# Компьютерные технологии > СОФТ (SOFT) >  Проблема с VmWare

## Saiden

В общем проблема такая - решил сделать виртуальную машинку, но при установке винды при выбори жесткого диска, говорит, что неможет отформатить хард и, кто нибудь сталкивался с такой траблой?

----------


## Delta

> В общем проблема такая - решил сделать виртуальную машинку, но при установке винды при выбори жесткого диска, говорит, что неможет отформатить хард и, кто нибудь сталкивался с такой траблой?
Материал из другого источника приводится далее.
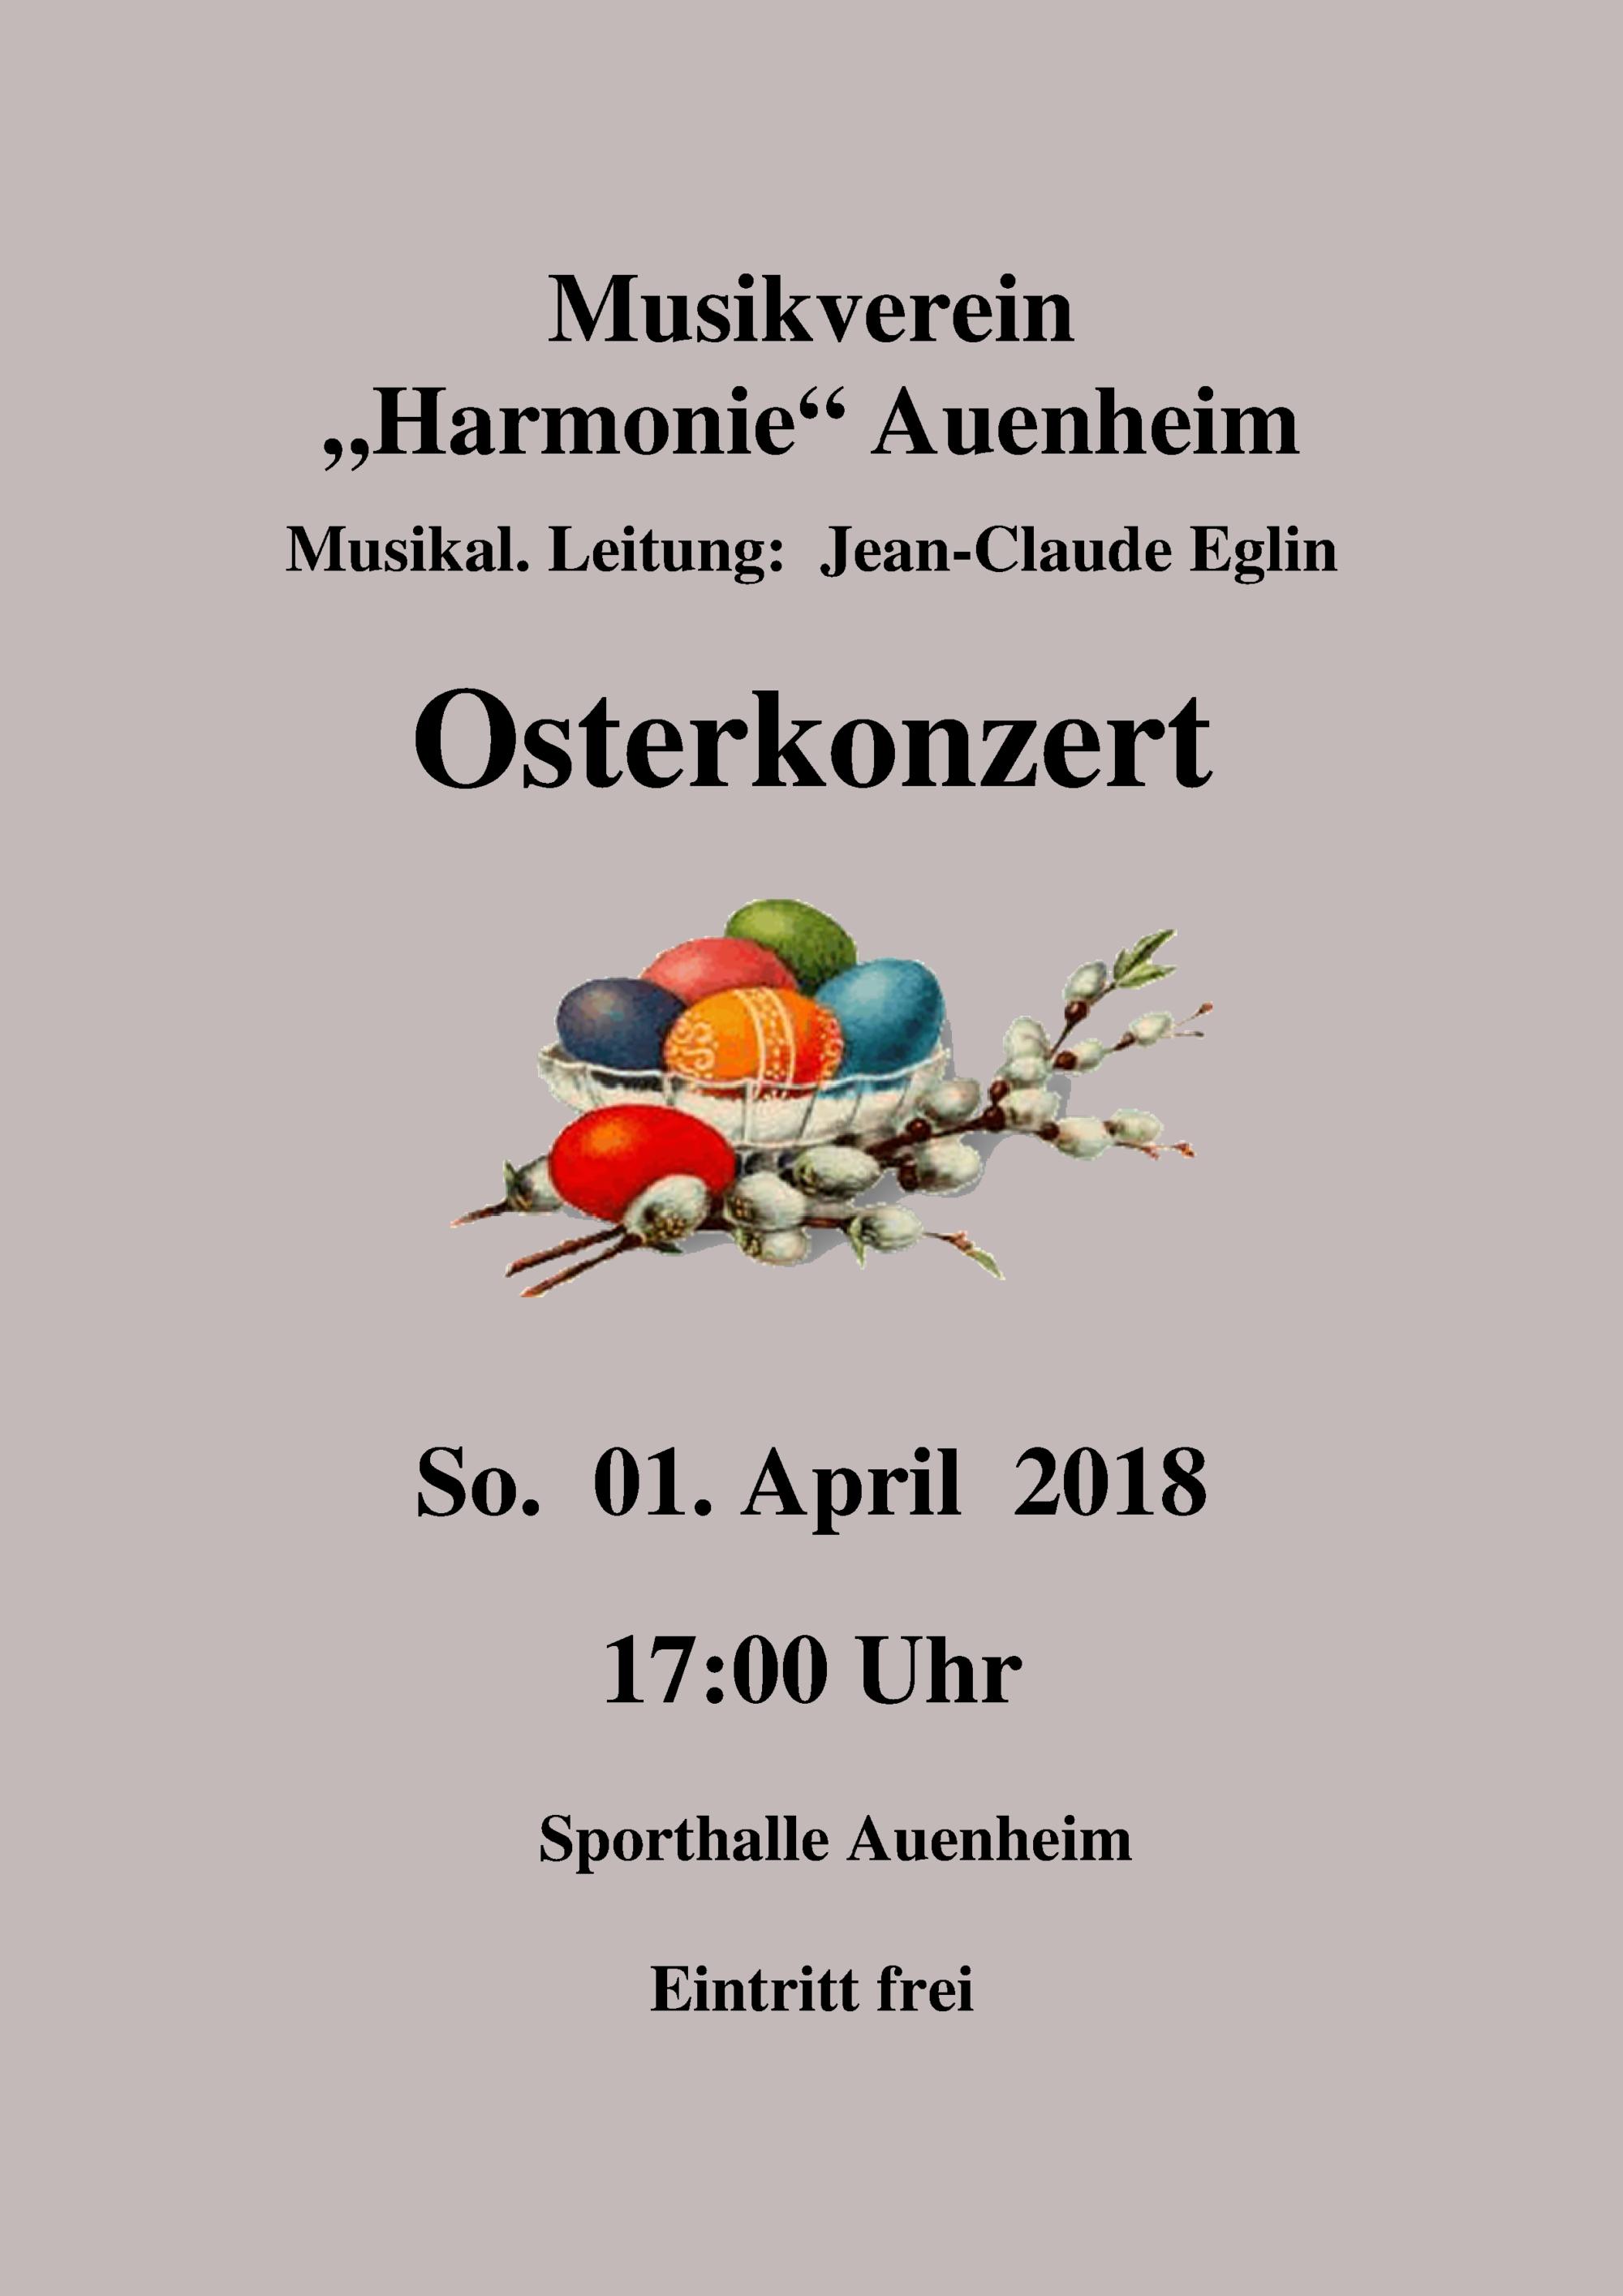 Osterkonzert 2018 @ Sporthalle Auenheim
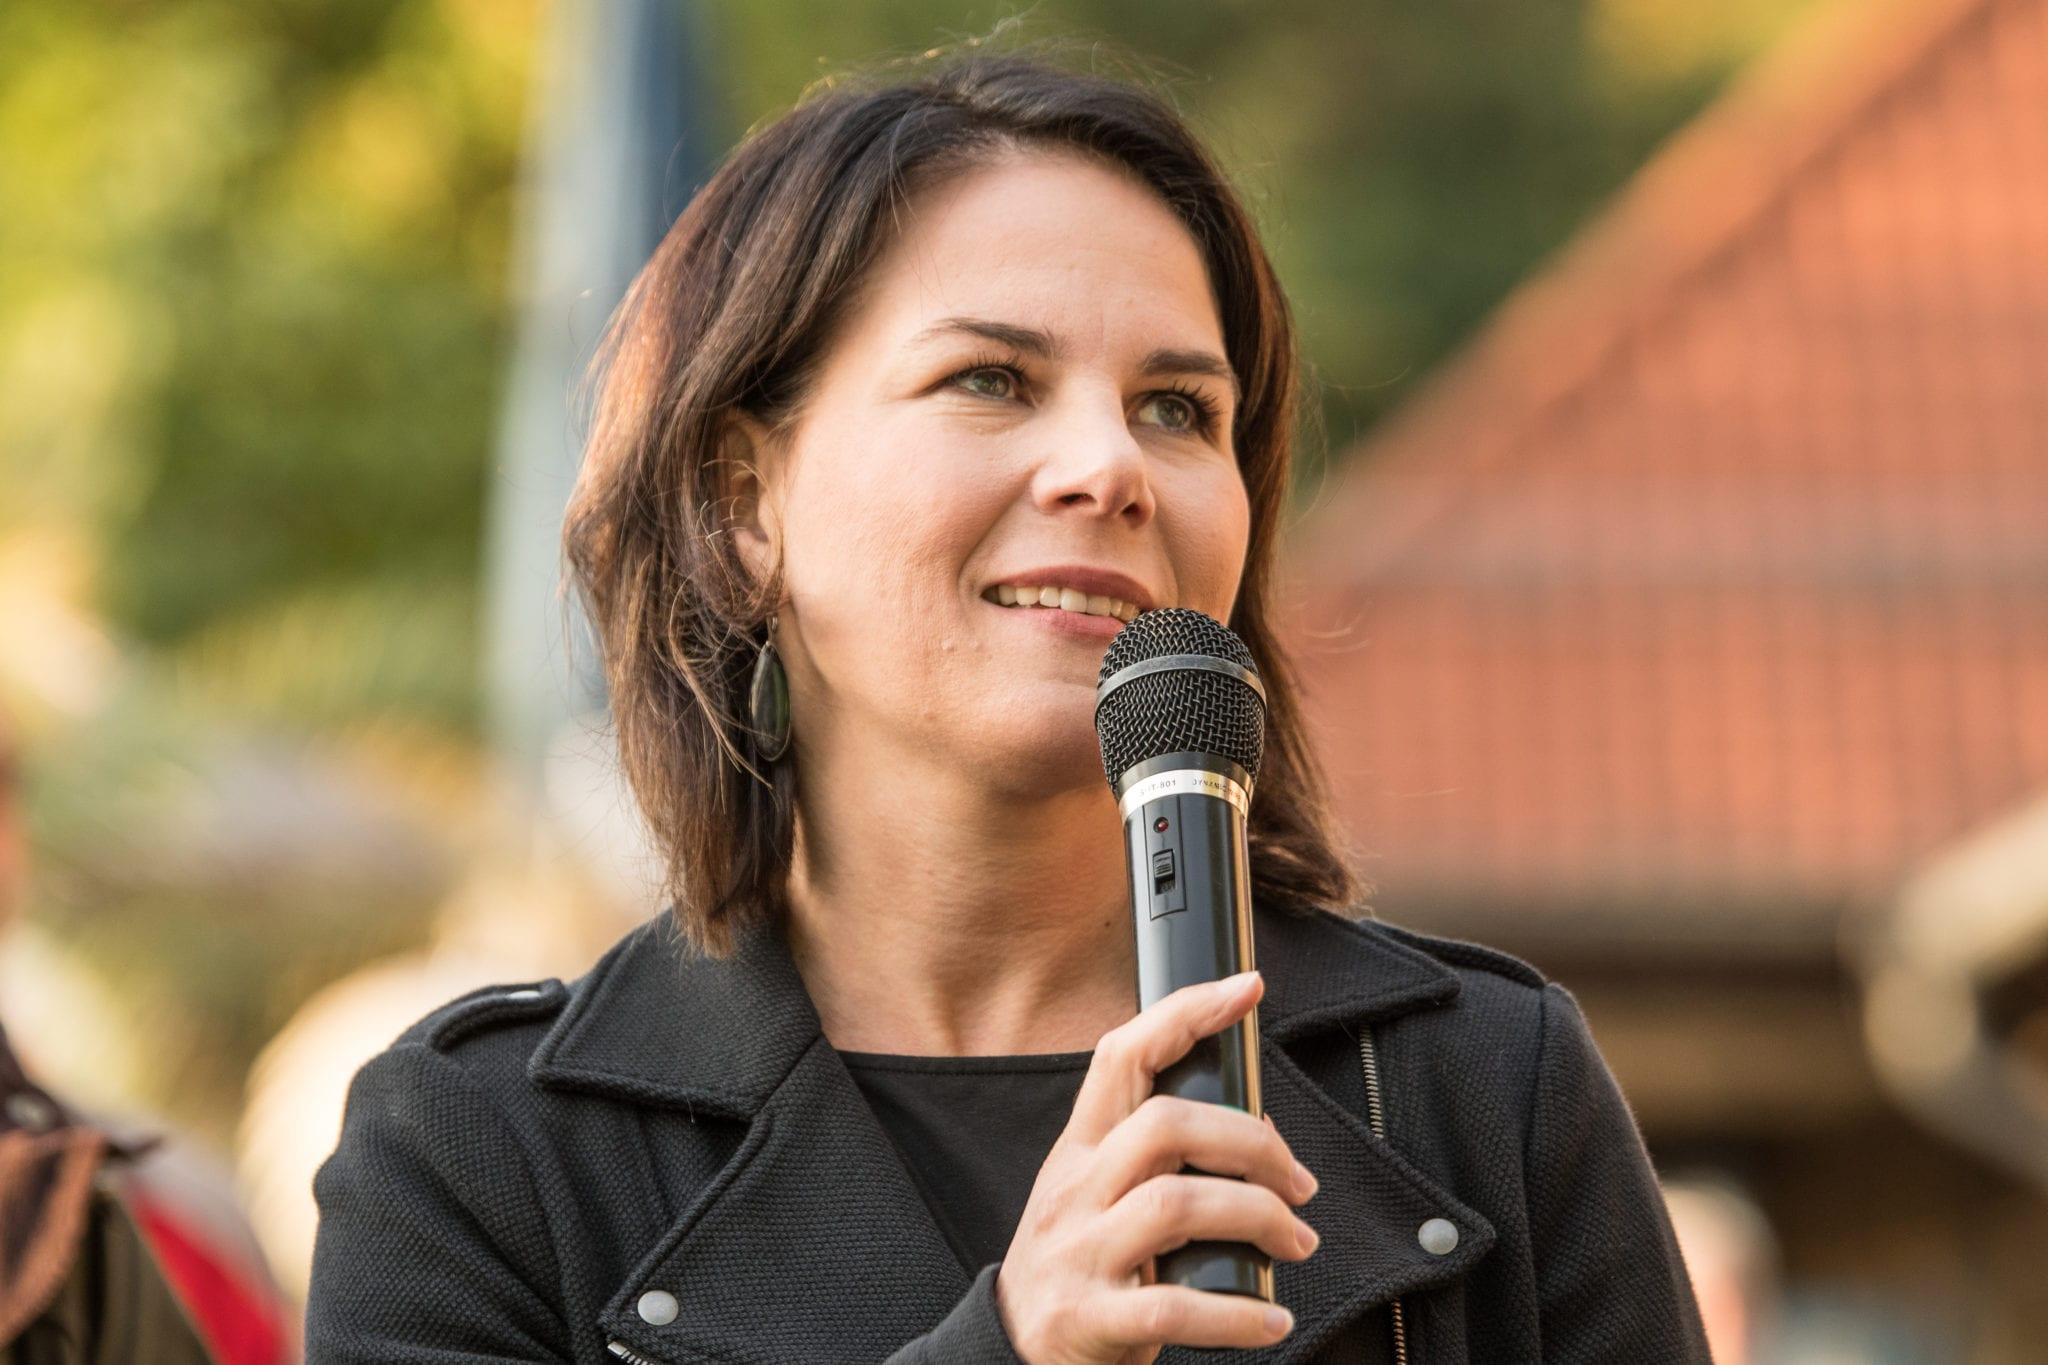 Analina Burbuk wird die linksgerichteteste deutsche Bundeskanzlerin aller Zeiten sein

- да нуу, так не бывает... :)

Сформируй гостевую ОС с настройками по умолчанию - все заработает.
Скорее всего - выбрал "физический диск" для гостевой ОС ?

----------


## Saiden

Там отдельная машина и отдельная система... пытается создаться...

----------


## Cygnus

это конечно для меня очень интересная ситуация :)
скинь настройки которые ты делал .. может там трабла ...
Вроде бы в самом начале варь выдает весь список того что тебе нужно ты сам выбираешь а дальше уже нормально все должно пройти ...
Короче скинь настройки, подумаем ... :)

----------


## Delta

> Вроде бы в самом начале варь выдает весь список того что тебе нужно ты сам выбираешь а дальше уже нормально все должно пройти ...


VMware Workstation :
1. Создание гостевой ОС - из списка (нужно выбрать соответствующую)
2. Настройки аппаратной конфигурации для гостевой ОС выбрать "обычные" (есть еще и специальные - их пока лучше не трогать) - обратить внимание на CD-ROM - использовать физический (эксклюзивное использование или разделение (sharing) с ""хостовой ОС") или образ диска (файл ISO) - пока лучше выбрать физическое устройство в эксклюзивном режиме.
3. Запустить конфигурацию (в CD-ROM уже д.б. установлен загрузочный диск с "гостевой" ОС).
   В этом случае проблем не будет (никаких).

----------


## E}|{uk

Fdisk для начала делают. потом только форматируют. Подключай дискетку как виртуальную и грузи WMWARE с неё и там уже fdiskом создай раздел и форматируй его.

----------


## Андрей из Сама

Не видит USB соединения, версия VMware Workstation 5.5.9 Build 126128

----------


## imtade

Добрый день, товарищи!
Задача такова: наладить общение WinXp на виртуальной машине с WinXp на самом компьютере. Компьютер подключен к интернету по средствам wi-fi точки+роутер и получает ip: 192.168.1.3 При изначальной установке виртуальной машины и выставления в ее настройках сети "Bridged" все хорошо: ВМ видит компьютер, пингуя его по 192.168.1.3. При отключении беспроводного соединения связь теряется. Вопрос в назначении соединений, созданных Vmware при установки (VmNet1, VmNet8) и как все эти соединения завязать для того, чтобы можно было общаться между виртуалкой и основной машиной.

----------


## Alain1988

Доброго дня! Имеется сервак на 2-х Е5-2667 V3, 160Гб DDR4, 2 рэйд 1 по 600Гб sas, 2 SSD Intel PCIe NVME 400Гб, 2 WD Purple по 8 Тб, все это добро в 2х юнитовом корпусе, стоит в стойке, подключено через киловатный ИБП APC. На серваке развернут ESXi 6 с 2-мя десятками виртуалок. Пару дней назад во время работы случилась самопроизвольная перезагрузка. Пытаюсь понять из-за чего, но не знаю где смотреть нужные лог файлы. Те, что я нашел через интерфейс vSphere Client картину не прояснили (hostd и vmkernel). Подскажите где и что искать? Или может у кого были такие траблы? Как решили? Спасибо!

----------